'Pride and Glory" is a New York City cop movie about police venality, but it also might become the first Iraq war-inspired feature to make a dent at the box office and win mainstream awards.
How does a story based in the Upper Manhattan neighborhood Washington Heights resonate with the atrocities at Abu Ghraib? Credit the collaboration between a gutsy writer-director, Gavin O'Connor ("Tumbleweeds," "Miracle"), with family roots in the New York Police Department, and his audacious star, Edward Norton.
Over the phone from a getaway spot in Ontario, Norton recalled telling O'Connor, "I have to ask the question, what's going to make it worthwhile for me to make a very good example of another cop-corruption movie?"
Then the Abu Ghraib scandal broke.
"We started saying to each other that the institutional lying at the center of 'Pride and Glory' mirrored the crucible the country was going through.
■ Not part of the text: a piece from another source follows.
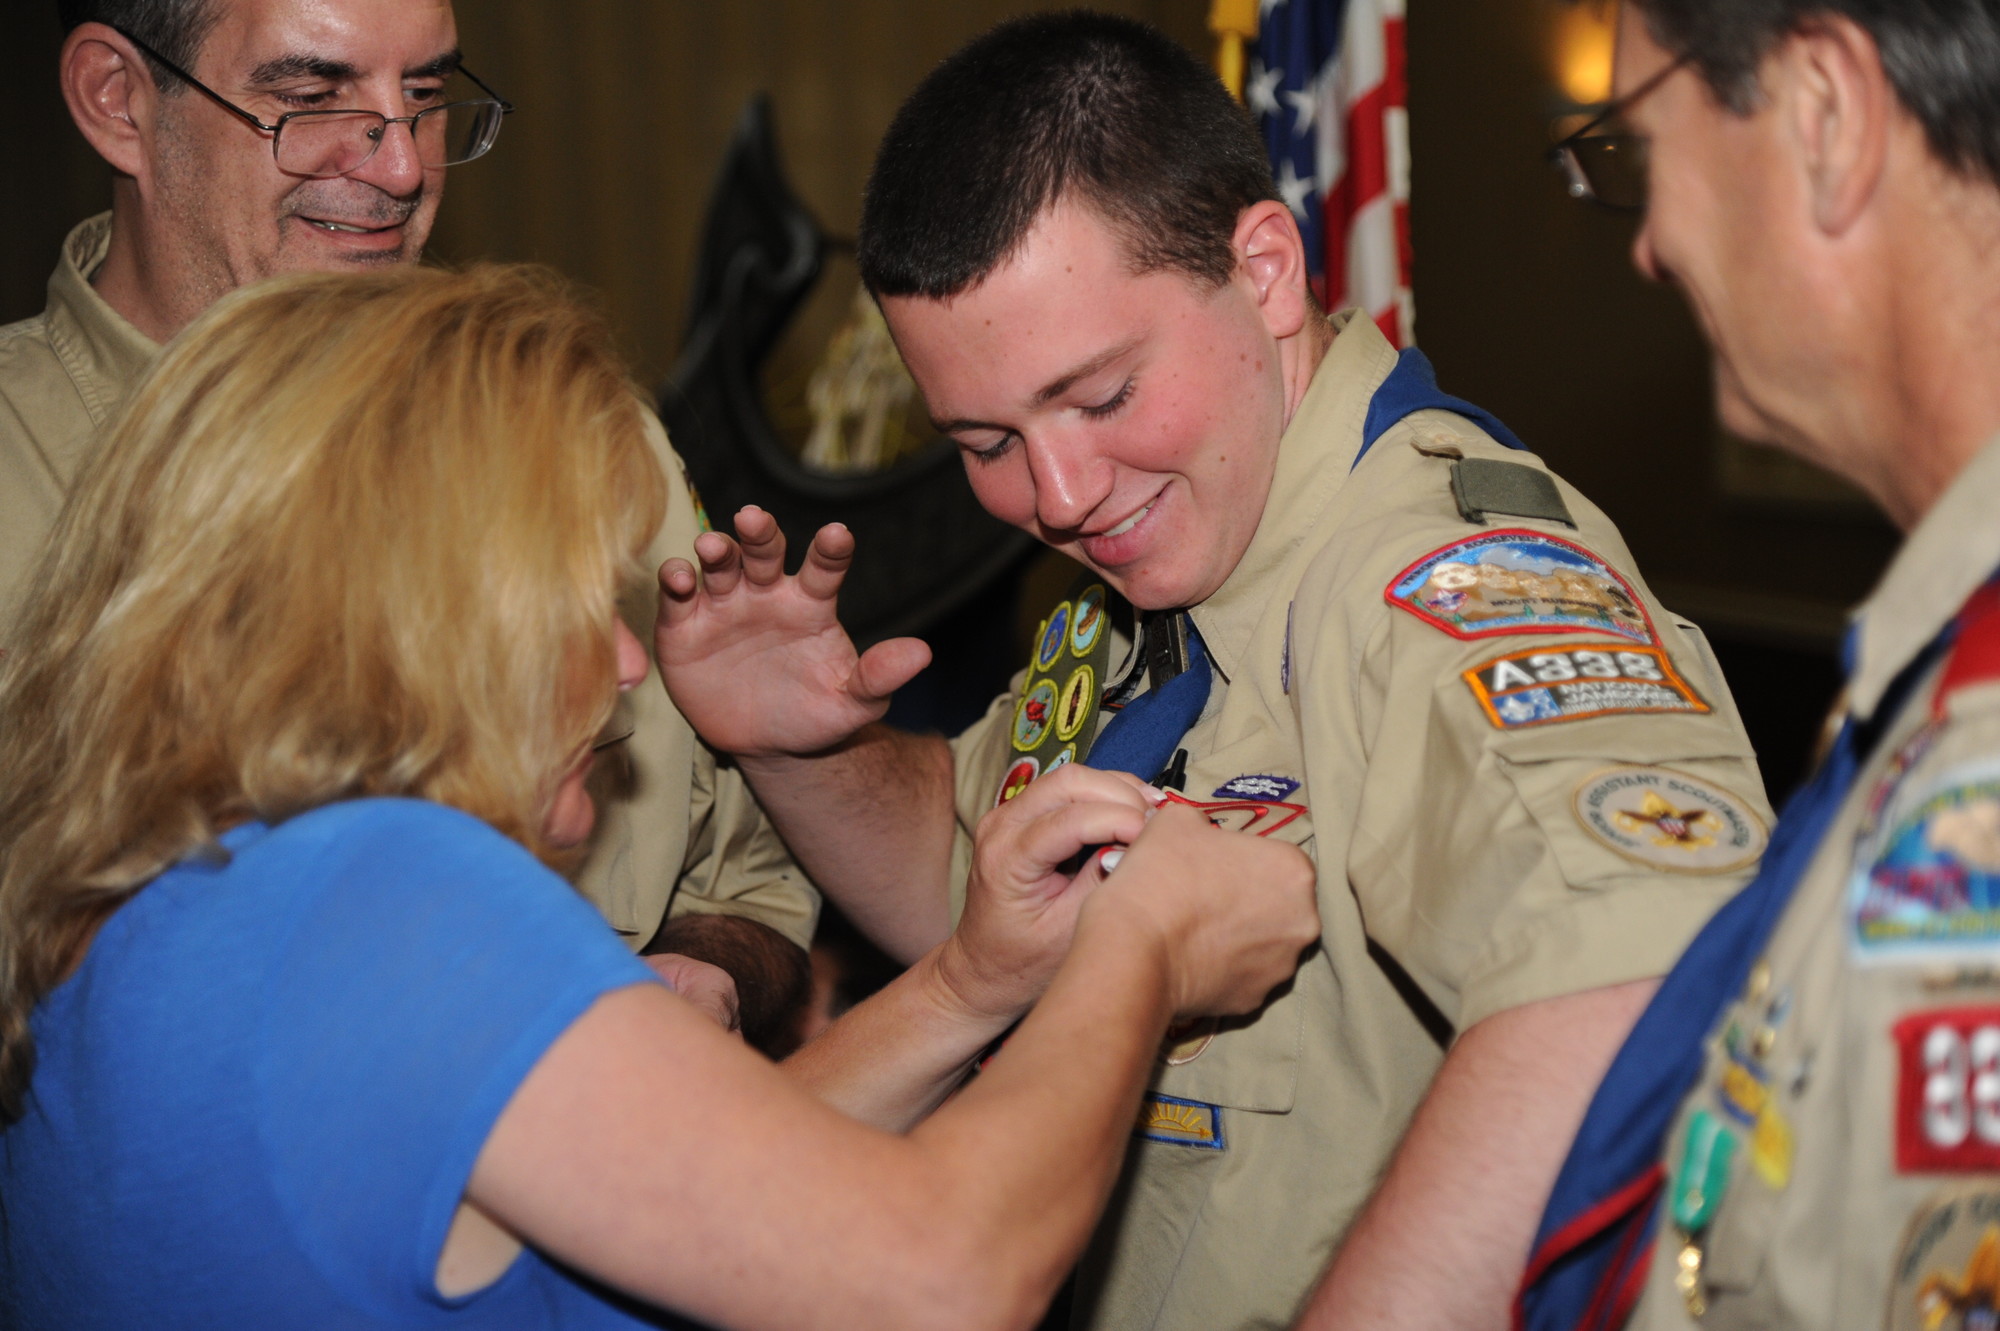 Alex Burns gets his eagle pinned on his shirt by his mom Marybeth while dad Robert watches

What's so fascinating to me about Abu Ghraib or Guantanamo or any flash point is that somewhere around it there is a person who surely has deep feelings of loyalty to his fellow soldiers, his unit, his army, his country.
"Yet he reaches a moment where he says, 'I'm going to distribute a disc with the pictures because they show a corruption of the things we're supposed to be standing for.' For an actor, that's an incredibly interesting tension."
The movie, which opens Friday, was personal for O'Connor, who called last month from Pittsburgh, where he's preparing his new picture ("Warriors," set in the world of mixed martial arts).
"My dad retired from the NYPD as a detective sergeant," he said. "My uncle was a cop; my mother's father was a cop. There are a lot of things we got right in the script, including having cops talk as cops talk.